The legislation would create a federal agency to review U.S. employment needs, a new type of visa for start-up founders, as well as an increase the supply of H-1B visas.

Although the technology industry has tried in recent years to get Congress to increase the H-1B cap past 85,000, it has been stymied by proponents of comprehensive immigration reform who didn't want to peel away potential support for a broader bill.

But whether this 700-page, yet-to-be-released bill, will get the support of either the tech industry or H-1B critics is less than clear. Both sides may find things to love and hate in its basket of provisions.

One provision that may win tech industry support, calls for the release next year of all the unused H-1B visas from 1992-2008, around 309,000 visas, said one source who has seen some details.

But this House bill, dubbed the Comprehensive Immigration Reform for America's Security and Prosperity Act of 2009, also incorporates some of the provisions of H-1B bills introduced by visa critics Bernie Sanders (I-Vt.), Sen.

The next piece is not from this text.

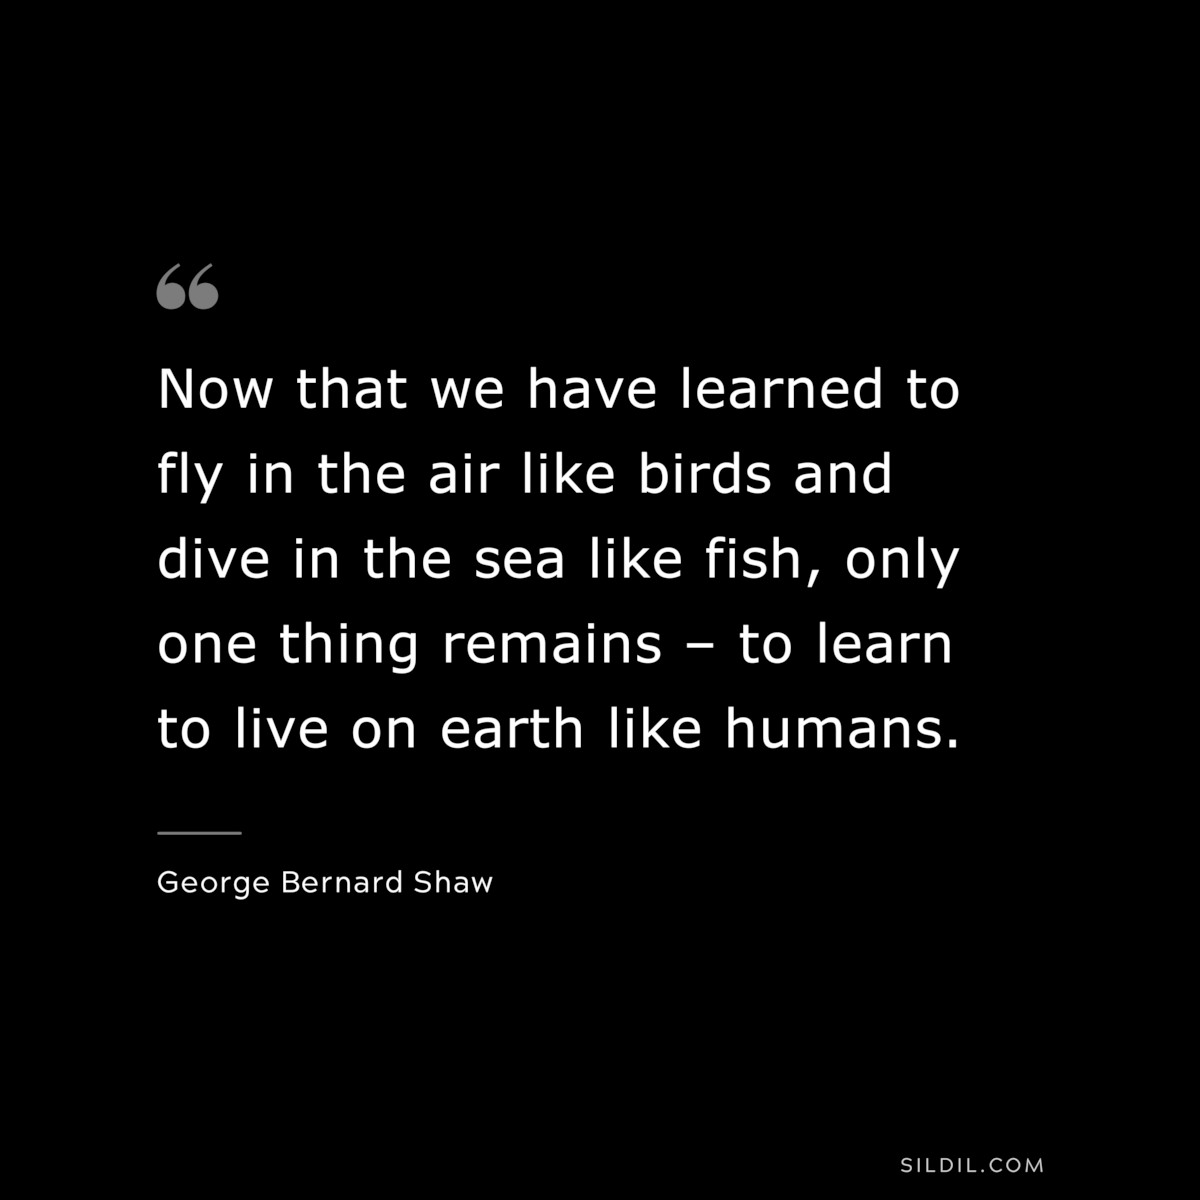 Now that we have learned to fly in the air like birds and dive in the sea like fish, only one thing remains – to learn to live on earth like humans. ― George Bernard Shaw
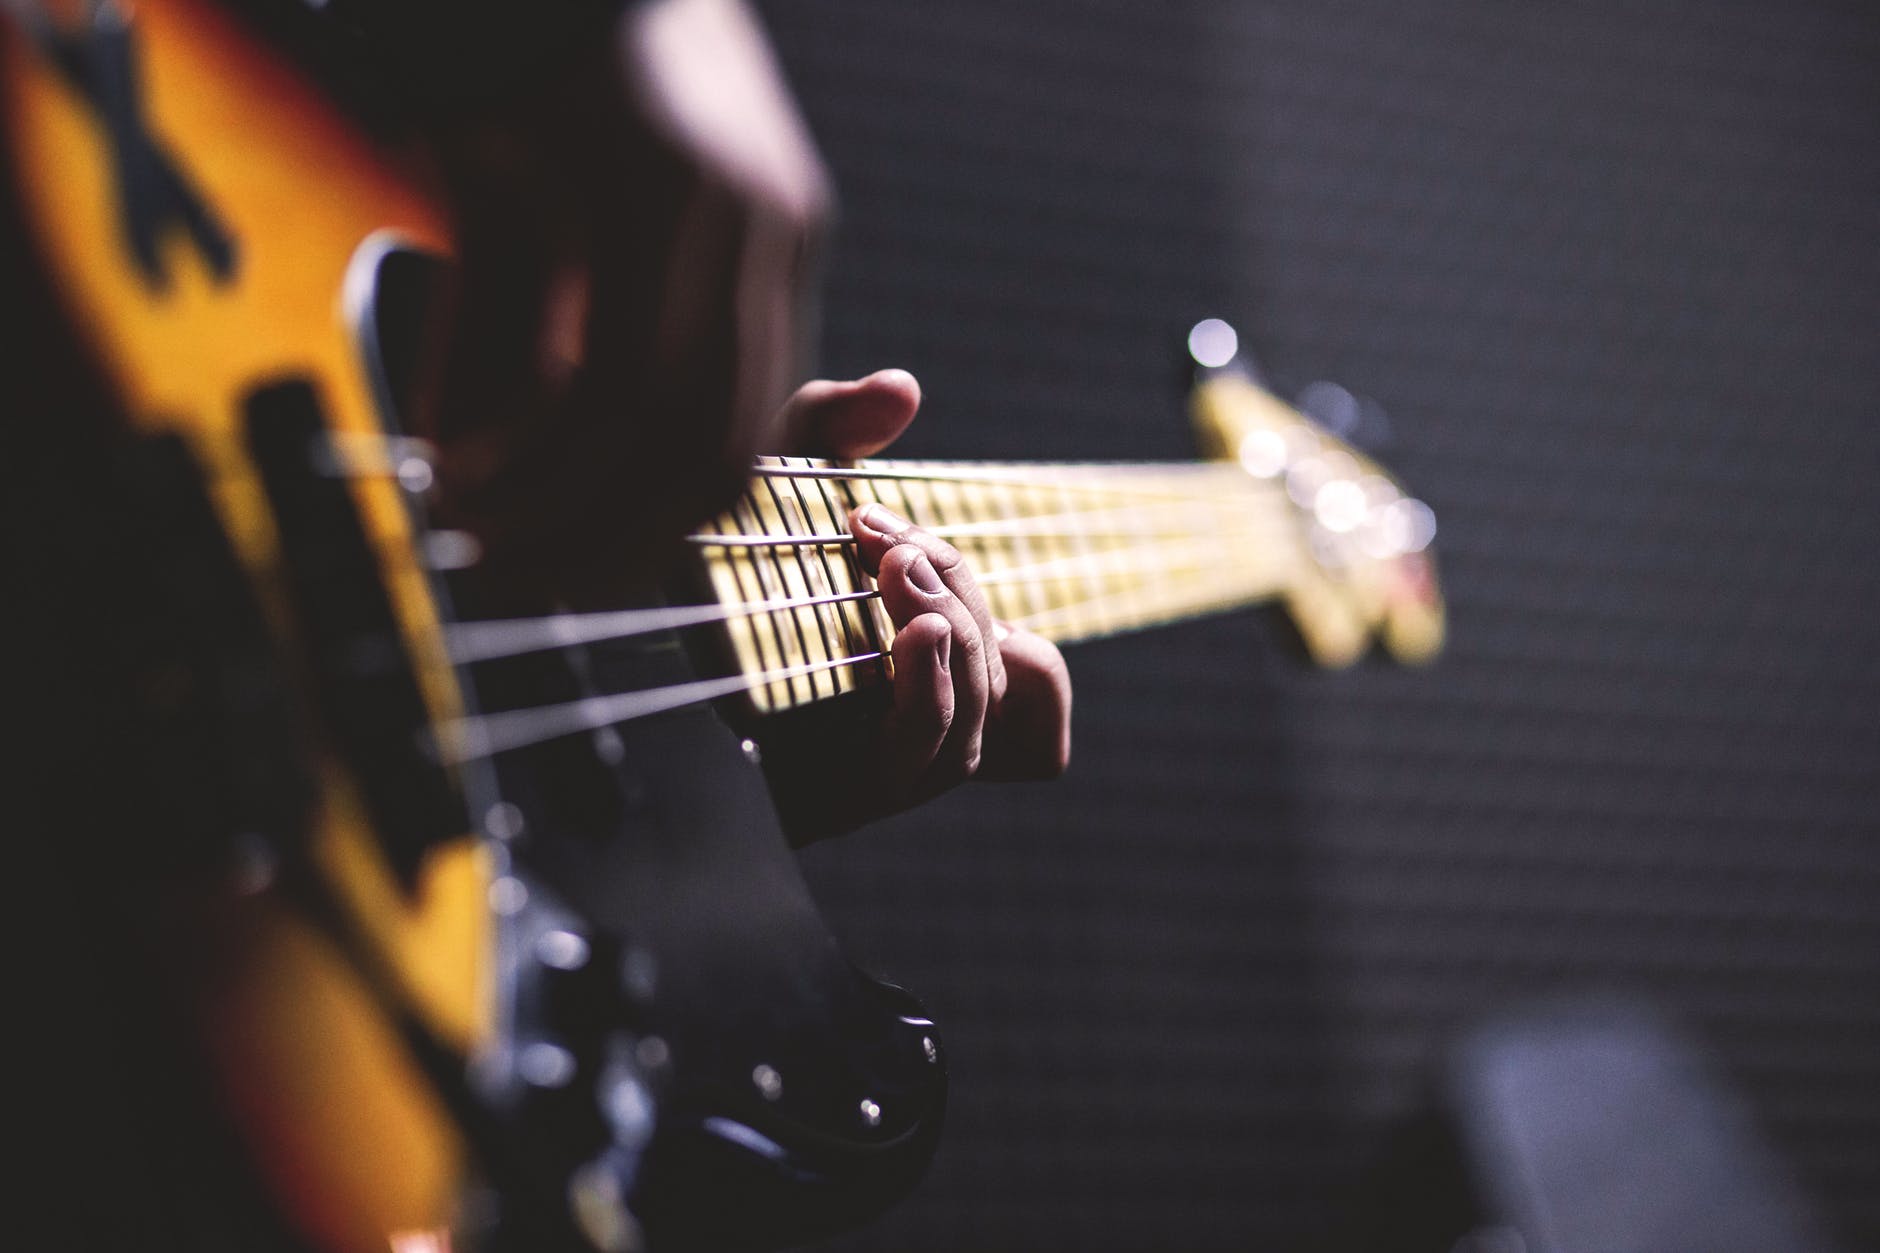 Photo by freestocks.org on <a href="https://www.pexels.com/photo/person-playing-sun-burst-electric-bass-guitar-in-bokeh-photography-96380/" rel="nofollow">Pexels.com</a>

Charles Grassley (R-Iowa) and Dick Durbin (D-Ill.) that broadly impose restrictions on H-1B use and tougher enforcement.

The bill would set "strict requirements for the recruitment of American workers," according to a House summary.

At a press conference today about the bill, U.S. Rep. Luis Gutierrez (D-Ill.), one of the bill's main sponsors, said, "If you want to bring a worker from outside the United States to come and work here, we want to make sure American workers get the first opportunity at every American job."

The bill exempts "several categories" of highly skilled workers from employment-based immigrant visa caps. But just what those categories include wasn't detailed.

The bill would create a new, independent federal agency, to be called the "Commission on Immigration and Labor Markets," which would establish "employment-based immigration policies that promote economic growth and competitiveness while minimizing job displacement, wage depression and unauthorized employment."

The new agency would also recommend H-1B and other visa caps to Congress. The legislation also calls for the creation of a new visa, called the "Founders Visa." It's an idea that has been championed by Paul Graham , a programming language developer, and others."

"The biggest constraint on the number of new startups that get created in the U.S. is not tax policy or employment law or even Sarbanes-Oxley. It's that we won't let the people who want to start them into the country," he wrote earlier this year about the visa.

Despite a long list of co-sponsors, the House bill has a long way to go. A competing immigration bill in the U.S. Senate is expected from U.S. Sen. Charles Schumer, who heads of the Senate Subcommittee on Immigration, Refugees and Border Security.

Schumer is a longtime supporter of the H-1B program , but Durbin and Grassley are on that committee as well. Schumer had planned to introduce it this year but has since delayed it until spring .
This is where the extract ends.